Llewelyn Moss is a pretty regular working guy, out to supplement the family larder by hunting antelope, when he happens upon a drug deal gone badly. $2 million is left lying around so he scoops it up. The loss is not pleasing to the drug bosses so they send out Chigurh, a psychopath, to recover the money. He is a different sort of hit man than we are used to since he carries around a huge pressure tank that drives an air gun, similar to that used for killing cattle, which he uses on his victims. He is a sinister but somewhat comic character. Chigurh is not so much immoral as amoral, like an avenging angel of death of biblical proportions who has no other motivator but duty.

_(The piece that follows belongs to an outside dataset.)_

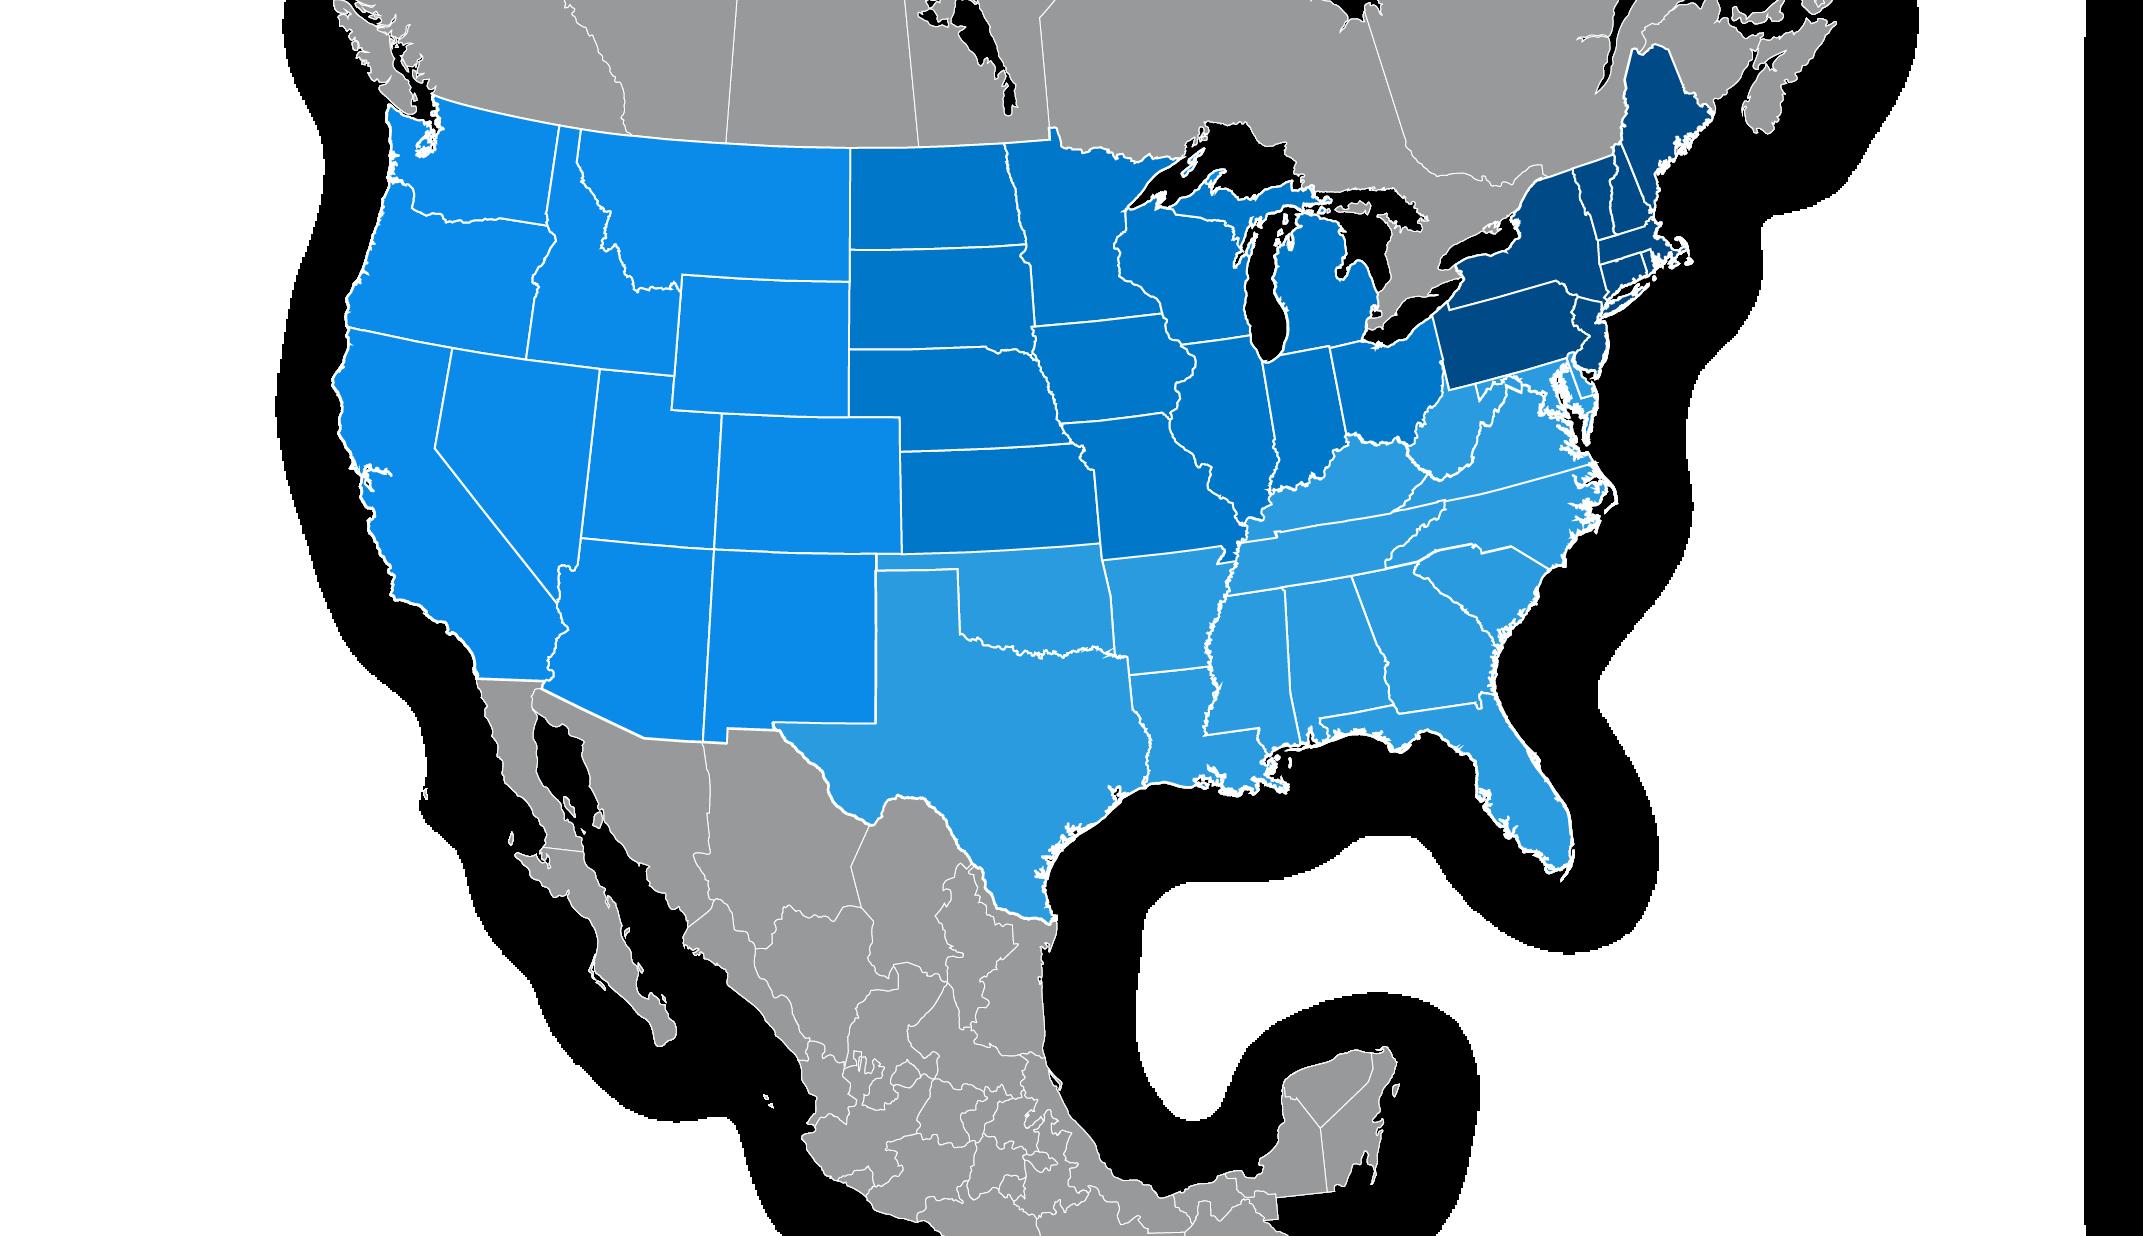 Map of the USA split into 4 regional zones

When a bounty hunter, Carson Wells, tells him he is crazy and does not have to kill Llewelyn, Chigurh looks at him uncomprehendingly. He justifies some of his killings with a coin toss. The victim has to "call it" all the while being treated to a philosophical treatise on fate, choice and a life well lived. He is able to blame the results on the coin. When Carla Jean disarms his argument his only response is to kill her too.
Sheriff Ed Tom Bell brings a kind of moral simplicity to the hunt for the killer but is clearly a character of laconic integrity. He seems overwhelmed by the complexities of the world and its evil. He argues, "It's hard to take its measure." It is in conversations with his wife and his deputy that Bell is able to forge some accommodation to the presence of evil. The directors use the well-known technique of comic relief to lighten a tension that would otherwise smother us. One day Bell reads a news story out loud to his deputy. It concerns a couple that tortured and murdered elderly people and then cashed their social security checks. The deputy snickers and then quickly apologizes. "That's OK," says Bell, "sometimes that's all you can do."
One might think that with such a review, all DVDs should come with a sticker marked, "Abandon hope all ye who view this film!" Perhaps only humour and irony will save us from overwhelming evil that seems too much for one person or even all humanity to bear.
In the end, Bell tells his wife at breakfast one day, of a dream in which his father, himself a former sheriff, rides past on horseback with a cone of fire. Bell claims little for knowing where his father is or what he is doing; just that he knows his father will be waiting for him up ahead when he gets there. It is a signal of hope beyond the present darkness. Bell is the Christ Figure in this story. Not the Christ of the Gospel of John, equal to every task with an answer for everything, in control ("It is finished!"), but more the Christ of the Gospel of Mark, anguished and answerless ("My God, my God, why…?").
The complex story, the excellent performances by the spot-on cast and the flawless weaving of comedy and drama make this an entertaining film. As well, there is ample fodder for theological discussion, about right and wrong, good and evil, hope and despair, either as internal dialogue or with friends.